EXERCISE DIRECTIONS
The output must consist only of the lines from the one with "Ставни жалюзи синего" through the end of the listing, restated exactly and free of pictures.

COLLECTED MATERIAL

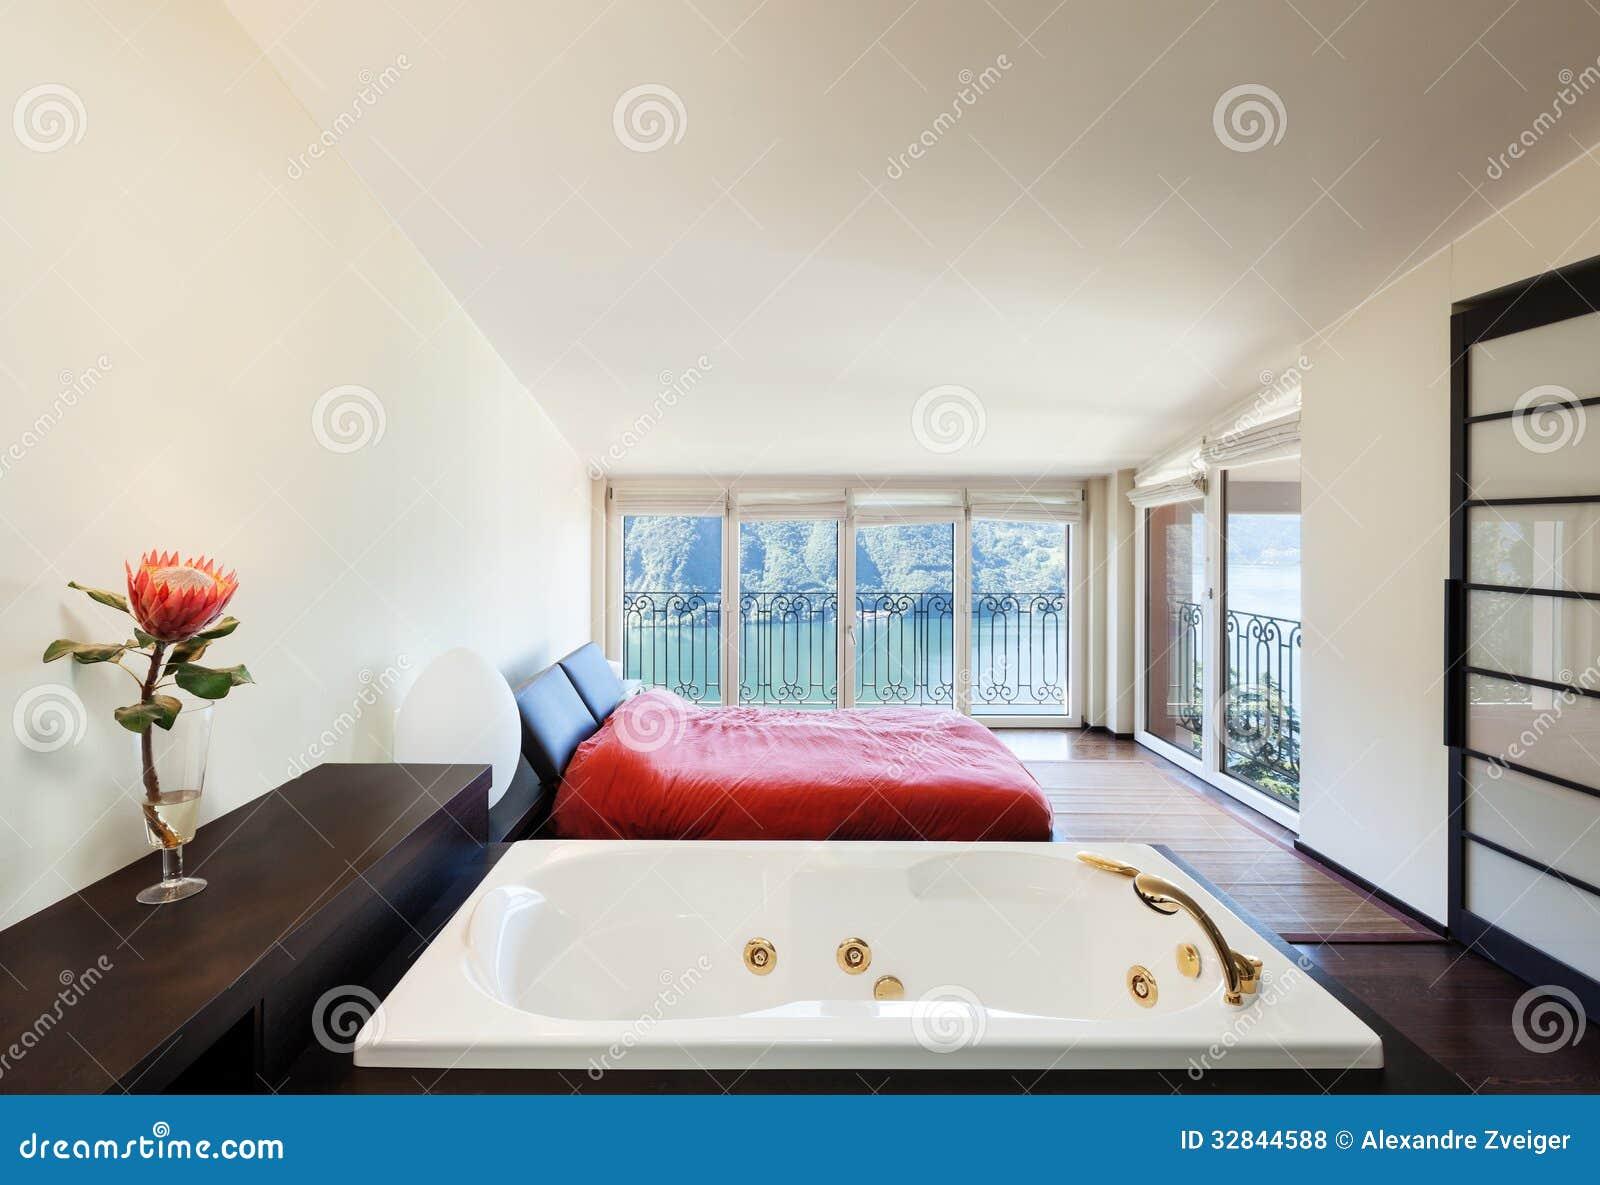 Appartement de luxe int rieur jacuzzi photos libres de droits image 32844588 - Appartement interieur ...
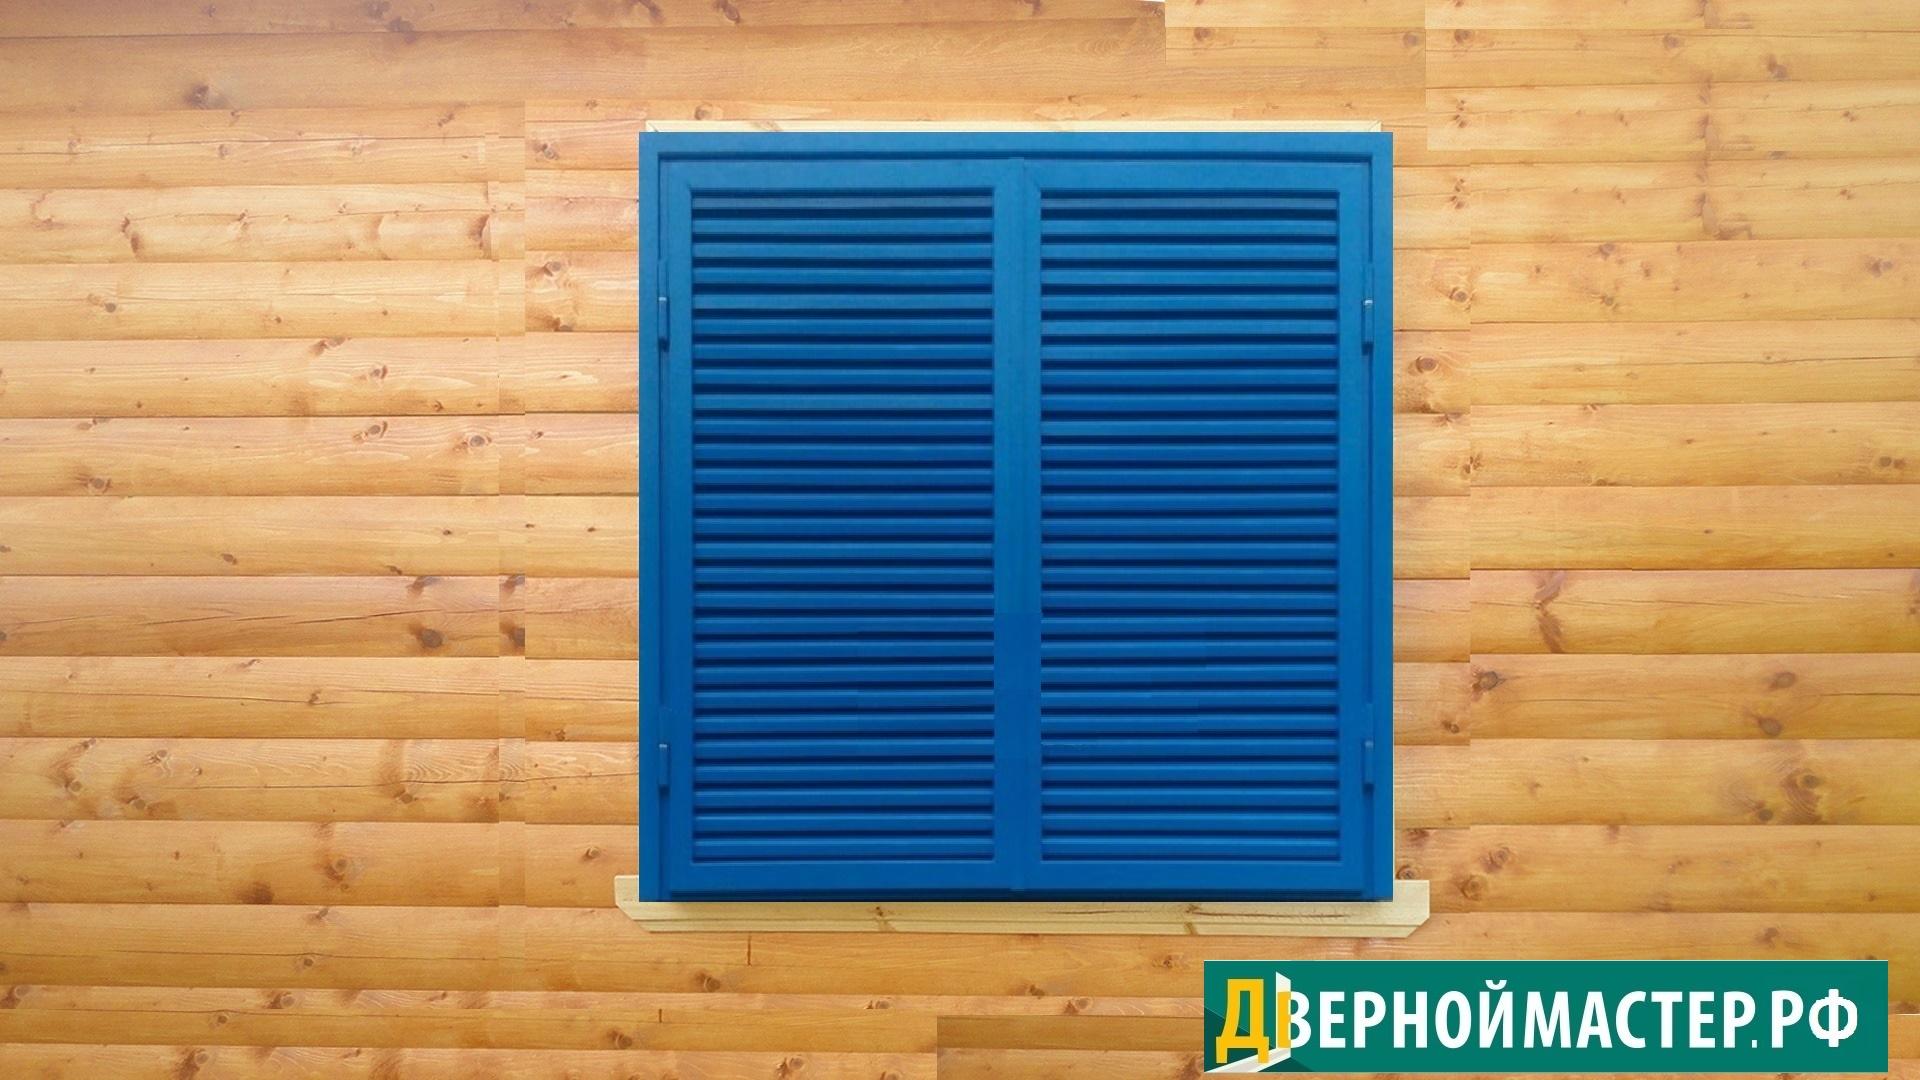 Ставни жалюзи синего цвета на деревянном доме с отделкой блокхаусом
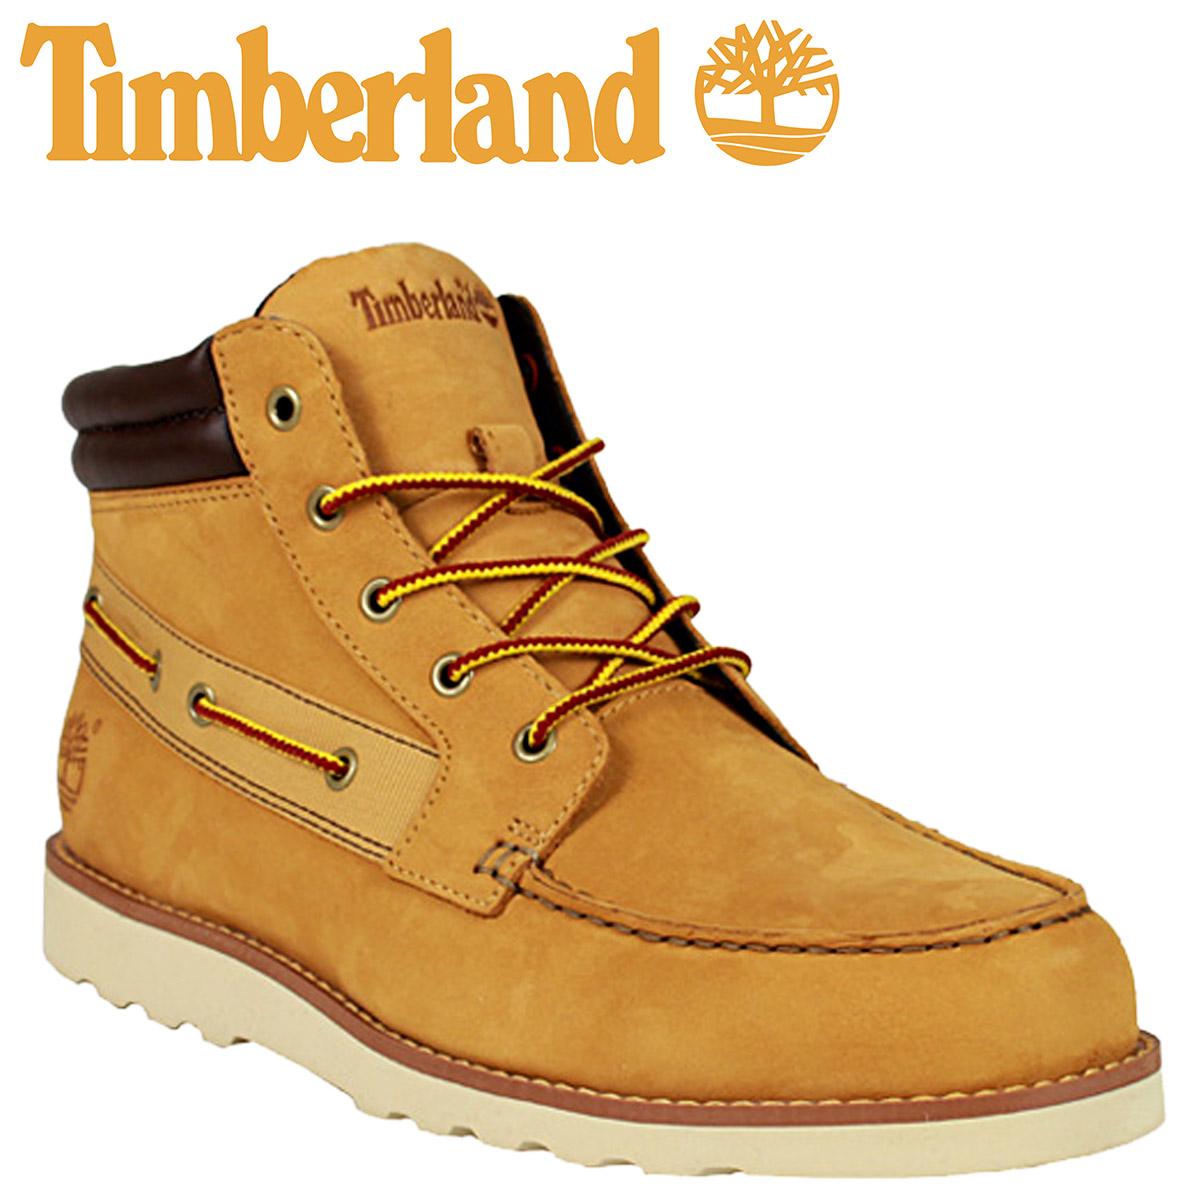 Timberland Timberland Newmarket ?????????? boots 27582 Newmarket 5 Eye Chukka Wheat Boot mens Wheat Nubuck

ANSWER AREA
 Ставни жалюзи синего цвета на деревянном доме с отделкой блокхаусом
 Timberland Timberland Newmarket ?????????? boots 27582 Newmarket 5 Eye Chukka Wheat Boot mens Wheat Nubuck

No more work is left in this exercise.